_Task instructions_:
Make an exact copy of all the data, pictures excluded.

======== Given information ========

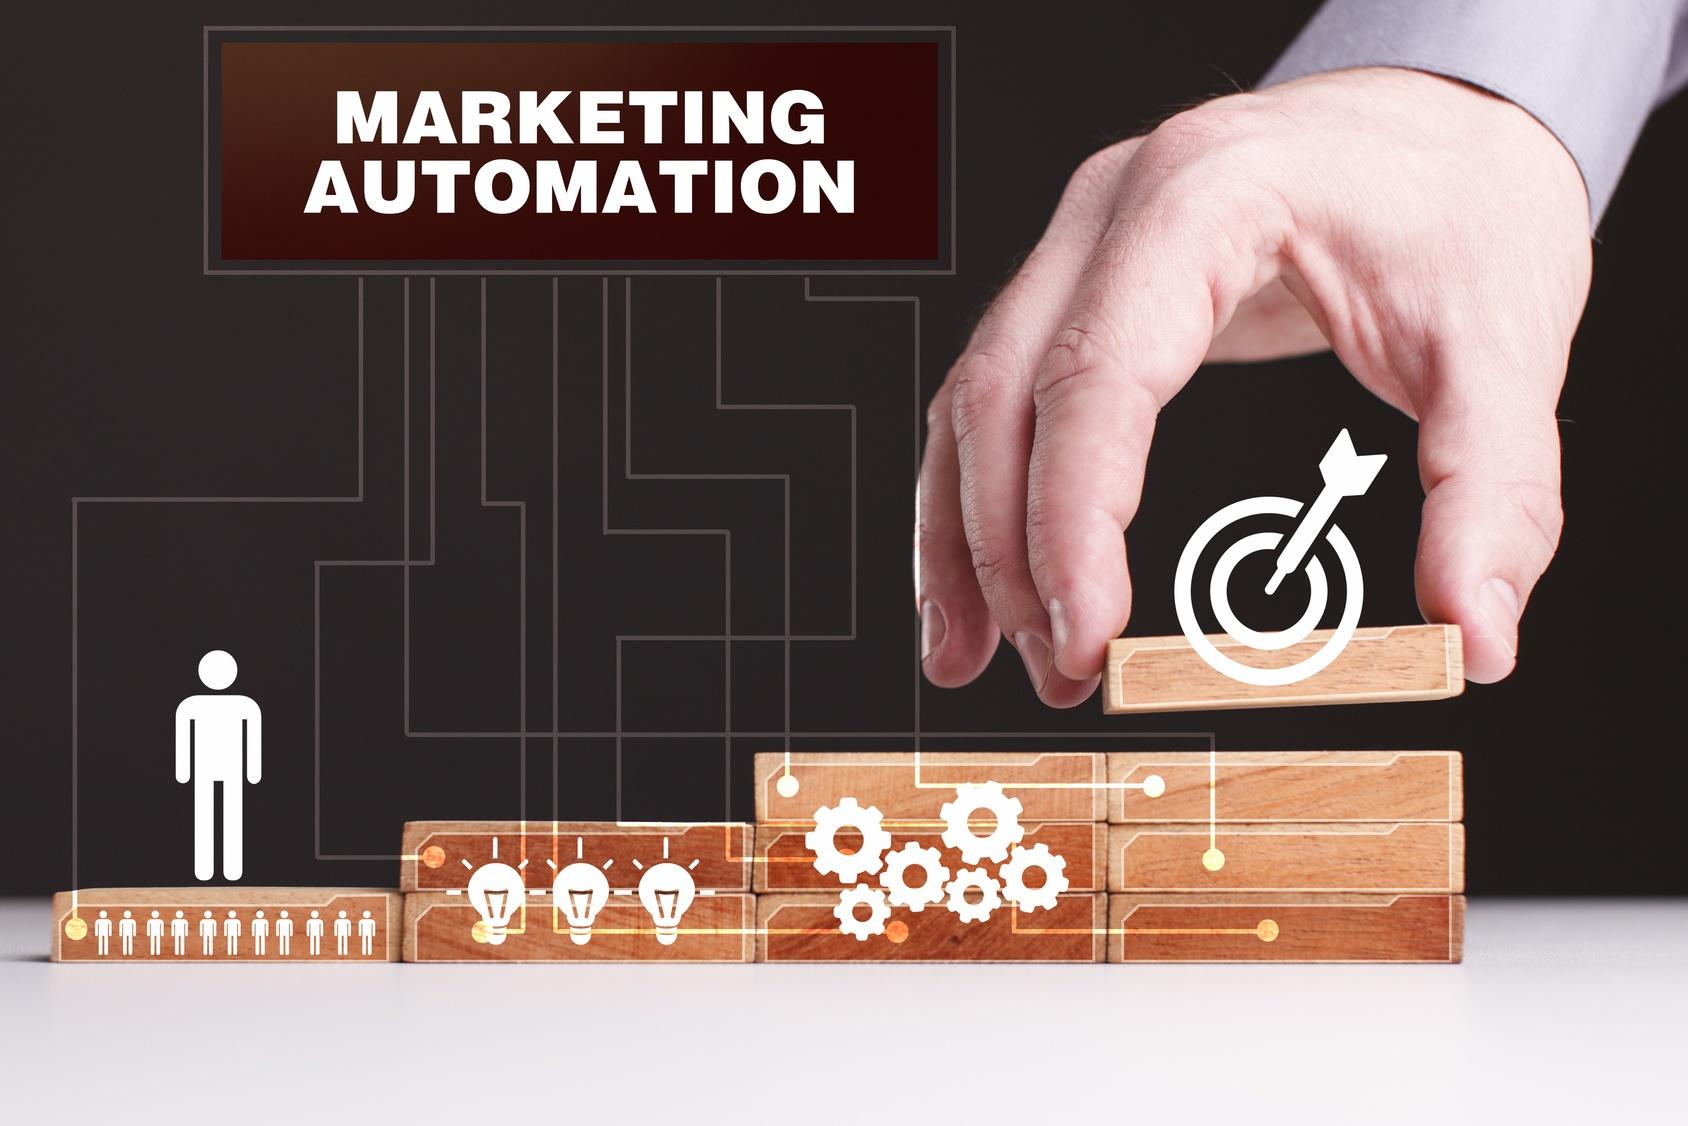 b2b marketing automation.jpg
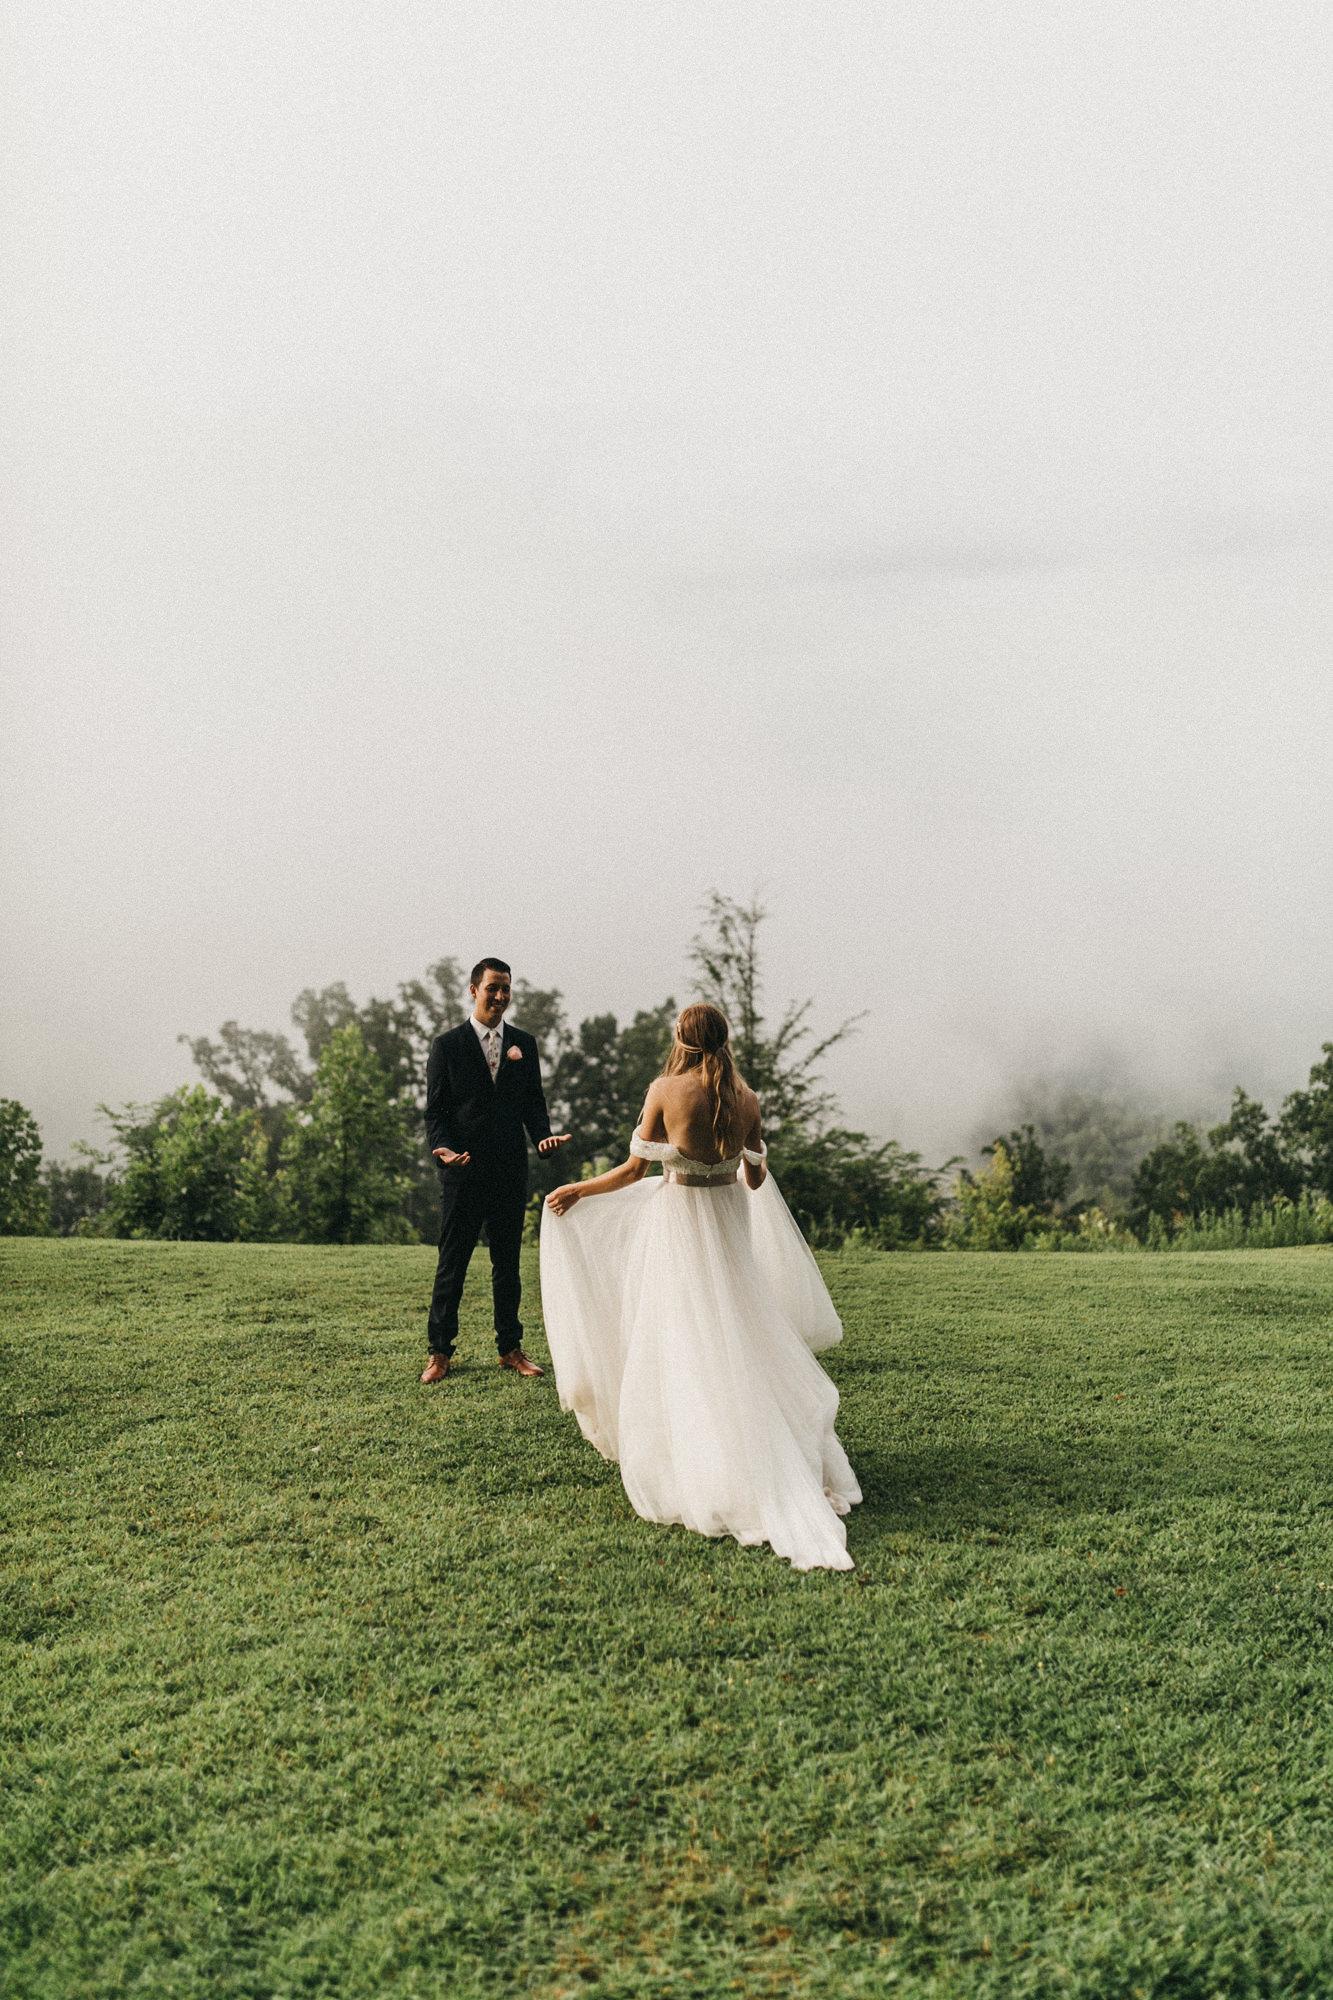 nashville_tennessee_wedding_photographer-131.jpg
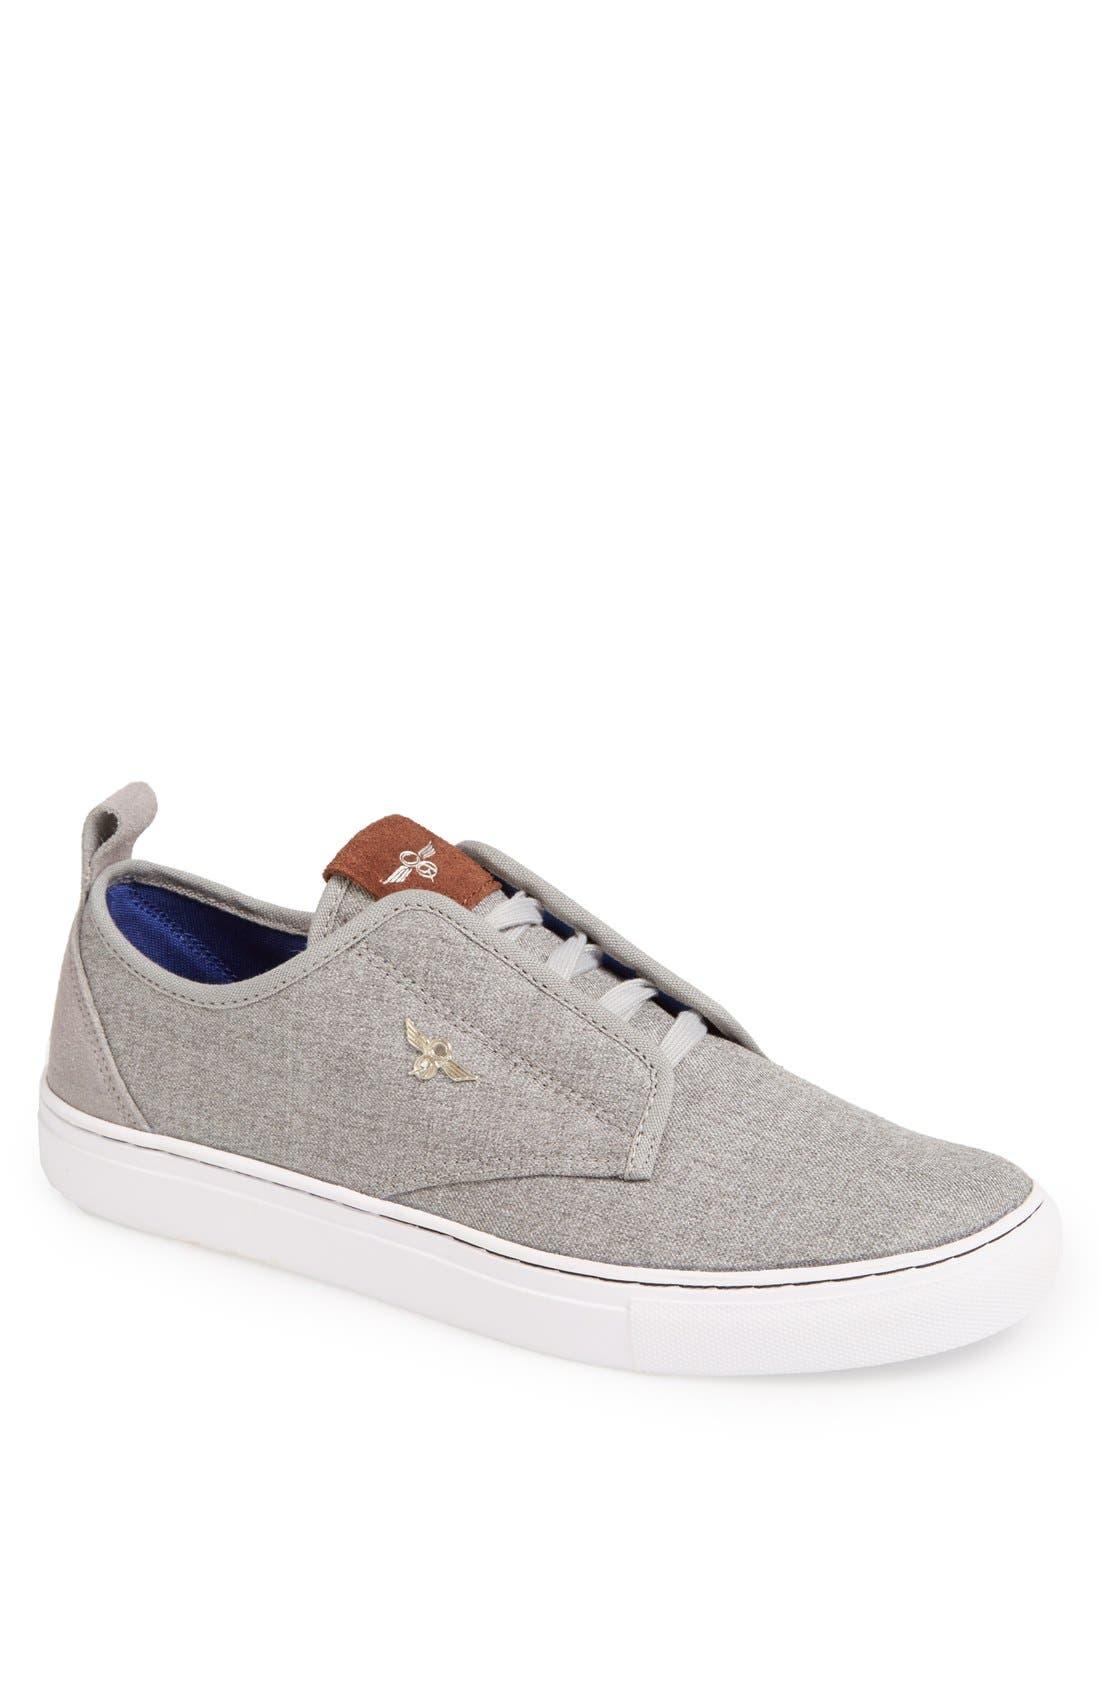 Main Image - Creative Recreation 'Lacava' Sneaker (Men)

========

_Answer box_:
 b2b marketing automation.jpg
 nashville_tennessee_wedding_photographer-131.jpg
 Main Image - Creative Recreation 'Lacava' Sneaker (Men)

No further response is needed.